Somerset County Council v Pike
The European directive governing indirect sex discrimination states that claimants have to show that an apparently neutral provision, criterion or practice "disadvantages a substantially higher proportion of the members of one sex" than the other. In Somerset County Council v Pike, the Court of Appeal said that, when establishing a valid pool for comparison, tribunals must pick the one that best illustrates the disadvantage, consisting of the group of people who have the offending rule applied to them.
Basic facts
Mrs Pike took early retirement on grounds of ill-health from her job as a full-time teacher in December 1993, but returned on a part-time basis in January 2004. She then discovered that she was not allowed to rejoin the pension scheme because the regulations excluded part timers already in receipt of a teacher's pension.
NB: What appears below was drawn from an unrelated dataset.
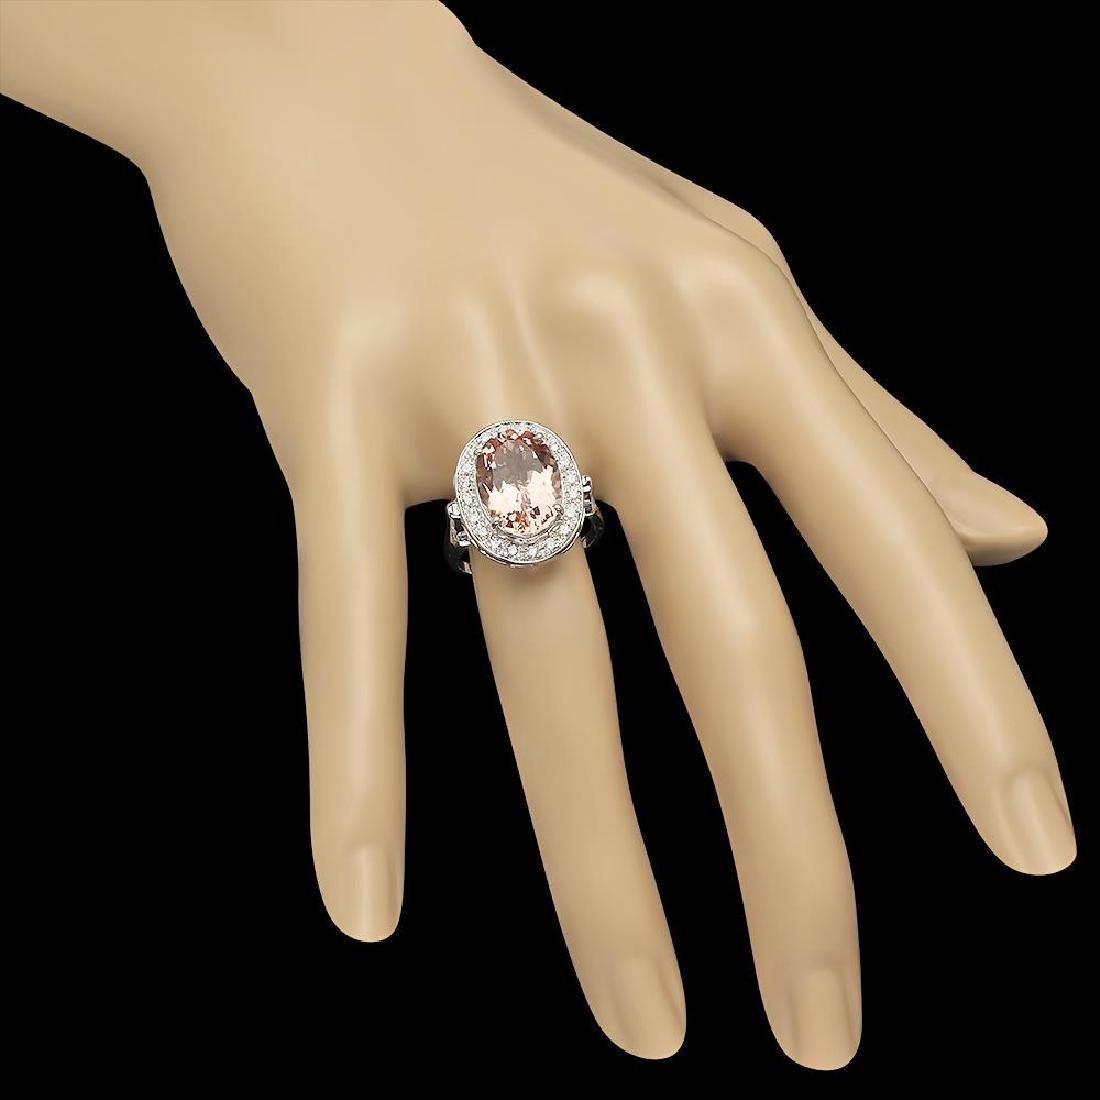 14K Gold 5.97ct Morganite 0.52ct Diamond Ring - 3

This rule did not, however, apply to full timers.
Mrs Pike (along with 73 other teachers) claimed that that this rule amounted to indirect sex discrimination because a substantially higher proportion of women than men were disadvantaged by it.
There was then a long delay for a variety of reasons until March 2007 when the Council made an application to strike out her claim on the basis that she could not show that the rule excluding part-time teachers had a disproportionately adverse impact on women.
Tribunal and EAT decisions
The tribunal judge decided that the correct pool “for determining disproportionate impact” was “the whole of the teaching profession”. This included pre-retirement teachers as well as those who had retired and then returned to work. Using this pool, he found there was an extremely slight adverse disparate impact (0.3 per cent) and struck out the claim on the basis that it had no prospect of success.
The Employment Appeal Tribunal (EAT), however, disagreed. It decided, relying on the decision of the House of Lords in Rutherford v Secretary of State for Trade and Industry that the correct pool was one where the “disadvantage could be illustrated”. This was not possible if it included pre-retirement teachers who had no interest in post-retirement rules. “To describe them as an advantaged group, for the purposes of juxtaposition against the disadvantaged group of part-time returners, is an abuse of language. These people had no advantage out of the post-retirement rule favouring full-timers; it simply did not apply to them. They could only distort the view of the pool ...”
Over a 13-year period, this pool of returners to teaching showed that 15 per cent more women than men were in non-pensionable employment and “that a comparison of the proportion of advantaged men to the proportion of advantaged women over the same period” showed that 38 per cent more men than women were advantaged. Disparate impact was therefore proved.
Court of Appeal decision
And the Court of Appeal agreed. It said that the employment judge had been wrong to reject the narrower pool put forward by Mrs Pike. The result was that by adopting the entire teaching profession as the appropriate pool, he was “bringing into the equation people who have no interest in the advantage or disadvantage in question”.
The Court noted that this approach had since been approved by the Court of Appeal in Grundy v British Airways plc. Although the Court accepted the comment in Grundy that there may not always be a single suitable pool for every case, the one that the EAT had picked in this case was the only logical pool.
Comment
This decision underlines the requirement for tribunals to properly identify the correct pool. The pool should consist of the people who have the provision, criterion or practice applied to them. The decision should make it more difficult for employers to argue for a larger pool, in which the discriminatory effect is diluted.